In addition to the formats Spark has wrappers for, we can also interact with any Hadoop-supported formats. Spark supports both the “old” and “new” Hadoop file APIs, providing a great amount of flexibility.8

Loading with other Hadoop input formats

To read in a file using the new Hadoop API we need to tell Spark a few things. The newAPIHadoopFile takes a path, and three classes. The first class is the “format” class, which is the class representing our input format. A similar function, hadoopFile(), exists for working with Hadoop input formats implemented with the older API. The next class is the class for our key, and the final class is the class of our value. If we need to specify additional Hadoop configuration properties, we can also pass in a conf object.

One of the simplest Hadoop input formats is the KeyValueTextInputFormat, which can be used for reading in key/value data from text files (see Example 5-24). Each line is processed individually, with the key and value separated by a tab character. This format ships with Hadoop so we don’t have to add any extra dependencies to our project to use it.

Example 5-24. Loading KeyValueTextInputFormat() with old-style API in Scala
val input = sc.hadoopFile[Text, Text, KeyValueTextInputFormat](inputFile).map{
  case (x, y) => (x.toString, y.toString)
}

We looked at loading JSON data by loading the data as a text file and then parsing it, but we can also load JSON data using a custom Hadoop input format. This example requires setting up some extra bits for compression, so feel free to skip it. Twitter’s Elephant Bird package supports a large number of data formats, including JSON, Lucene, Protocol Buffer–related formats, and others. The package also works with both the new and old Hadoop file APIs. To illustrate how to work with the new-style Hadoop APIs from Spark, we’ll look at loading LZO-compressed JSON data with Lzo JsonInputFormat in Example 5-25.

Example 5-25. Loading LZO-compressed JSON with Elephant Bird in Scala
val input = sc.newAPIHadoopFile(inputFile, classOf[LzoJsonInputFormat],
  classOf[LongWritable], classOf[MapWritable], conf)
// Each MapWritable in "input" represents a JSON object
Warning

LZO support requires you to install the hadoop-lzo package and point Spark to its native libraries. If you install the Debian package, adding --driver-library-path /usr/lib/hadoop/lib/native/ --driver-class-path /usr/lib/hadoop/lib/ to your spark-submit invocation should do the trick.

Reading a file using the old Hadoop API is pretty much the same from a usage point of view, except we provide an old-style InputFormat class. Many of Spark’s built-in convenience functions (like sequenceFile()) are implemented using the old-style Hadoop API.
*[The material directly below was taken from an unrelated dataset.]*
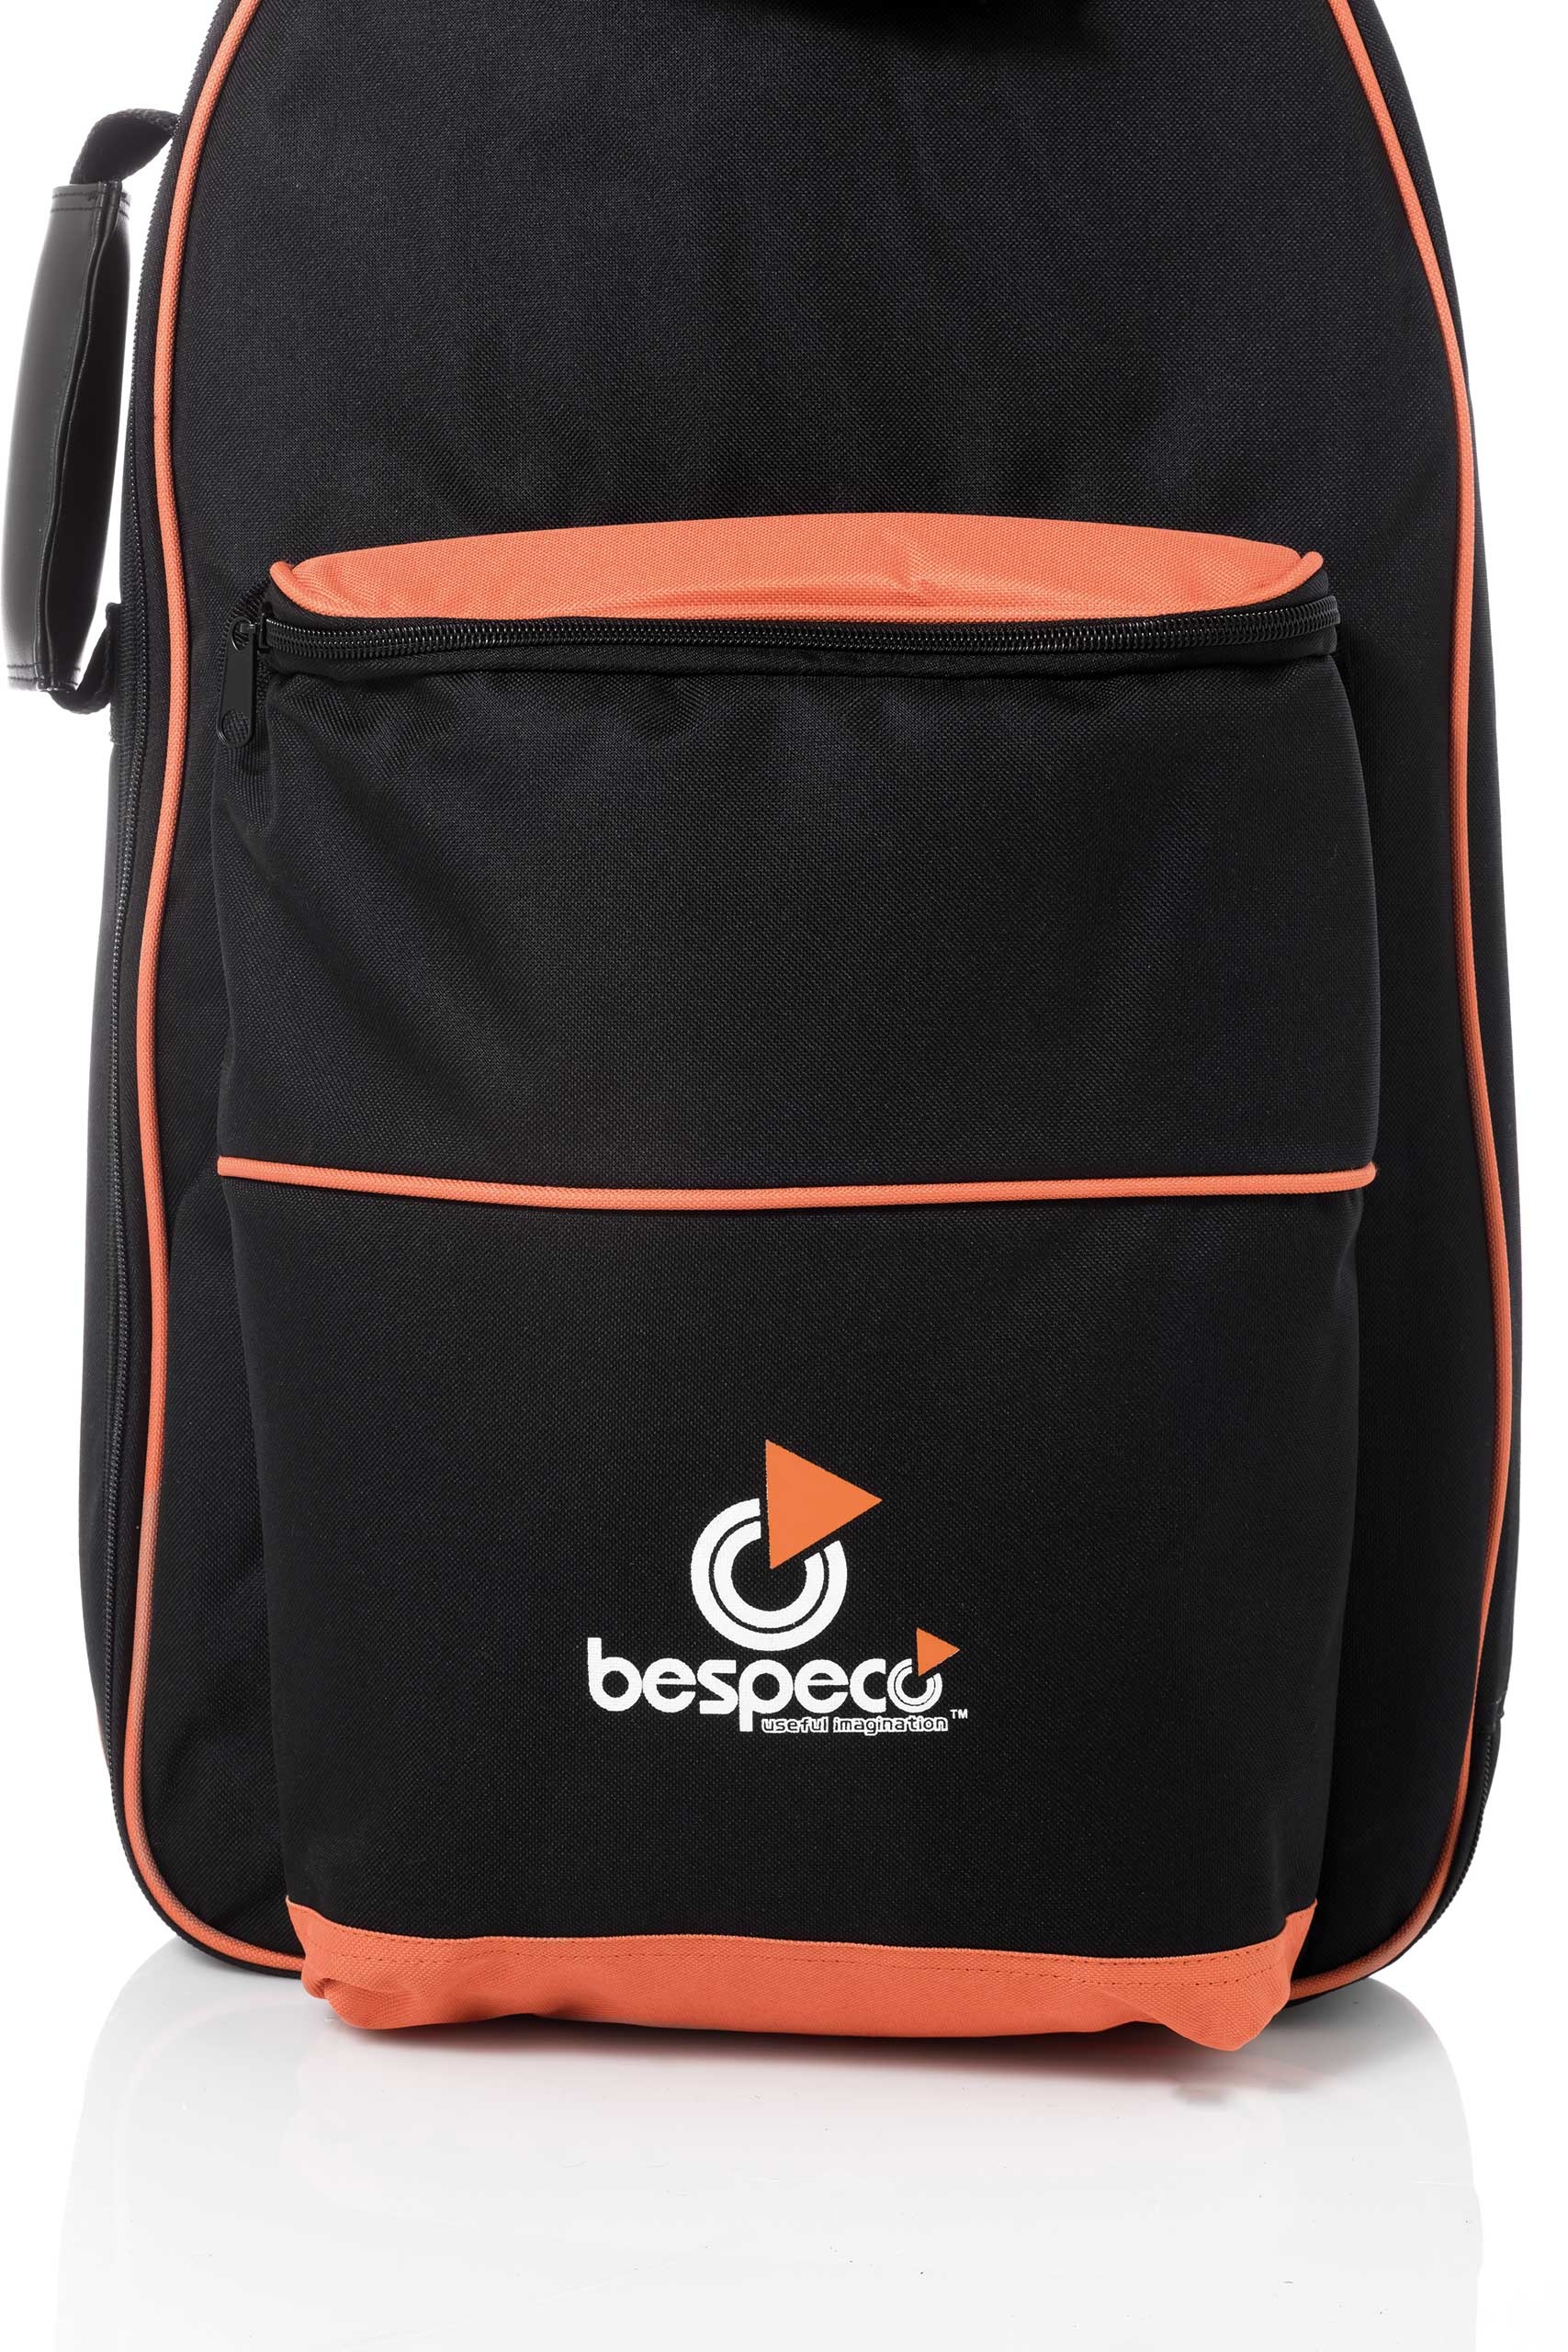 bag430bg-borsa-per-basso-elettrico-rinforzata-nera-arancione
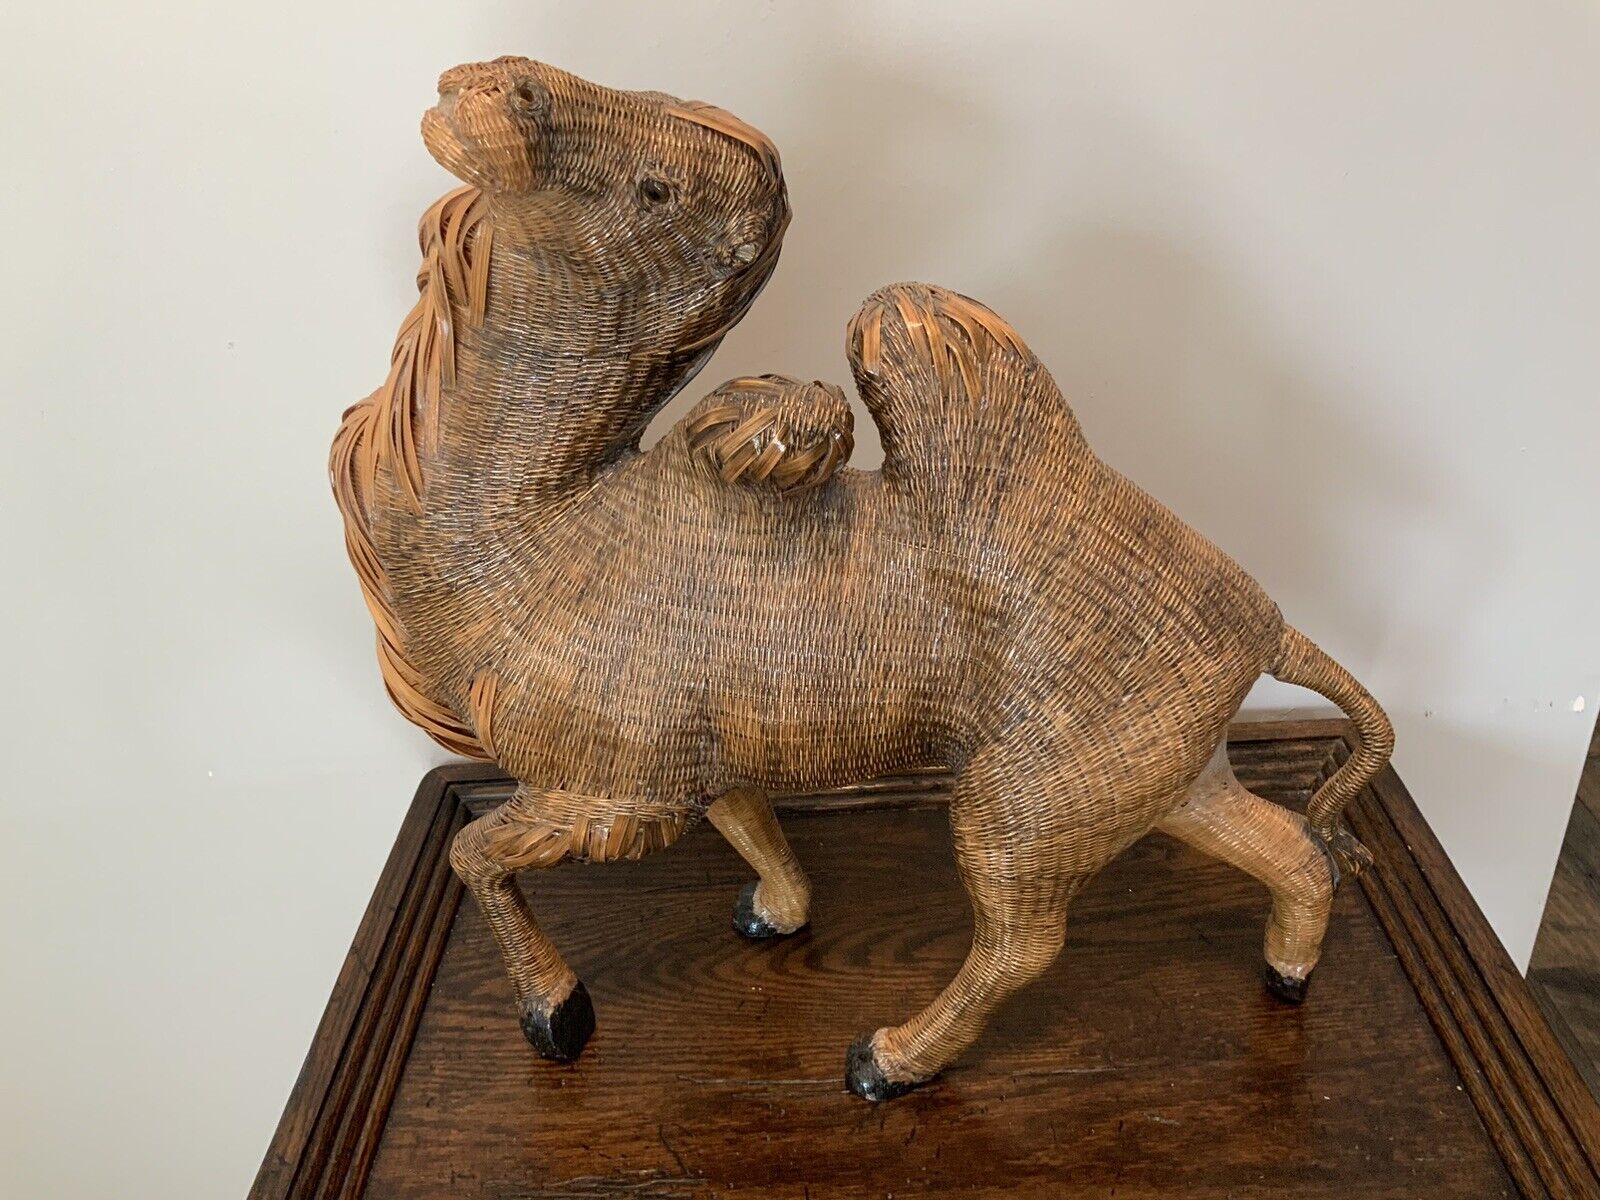 Vintage Shanghai Handicrafts Camel Woven Basket Style Sculpture Figure 15.5”

Saving with Hadoop output formats

We already examined SequenceFiles to some extent, but in Java we don’t have the same convenience function for saving from a pair RDD. We will use this as a way to illustrate how to use the old Hadoop format APIs (see Example 5-26); the call for the new one (saveAsNewAPIHadoopFile) is similar.

Example 5-26. Saving a SequenceFile in Java
public static class ConvertToWritableTypes implements
  PairFunction<Tuple2<String, Integer>, Text, IntWritable> {
  public Tuple2<Text, IntWritable> call(Tuple2<String, Integer> record) {
    return new Tuple2(new Text(record._1), new IntWritable(record._2));
  }
}

JavaPairRDD<String, Integer> rdd = sc.parallelizePairs(input);
JavaPairRDD<Text, IntWritable> result = rdd.mapToPair(new ConvertToWritableTypes());
result.saveAsHadoopFile(fileName, Text.class, IntWritable.class,
  SequenceFileOutputFormat.class);

Non-filesystem data sources

In addition to the hadoopFile() and saveAsHadoopFile() family of functions, you can use hadoopDataset/saveAsHadoopDataSet and newAPIHadoopDataset/saveAsNewAPIHadoopDataset to access Hadoop-supported storage formats that are not filesystems. For example, many key/value stores, such as HBase and MongoDB, provide Hadoop input formats that read directly from the key/value store. You can easily use any such format in Spark.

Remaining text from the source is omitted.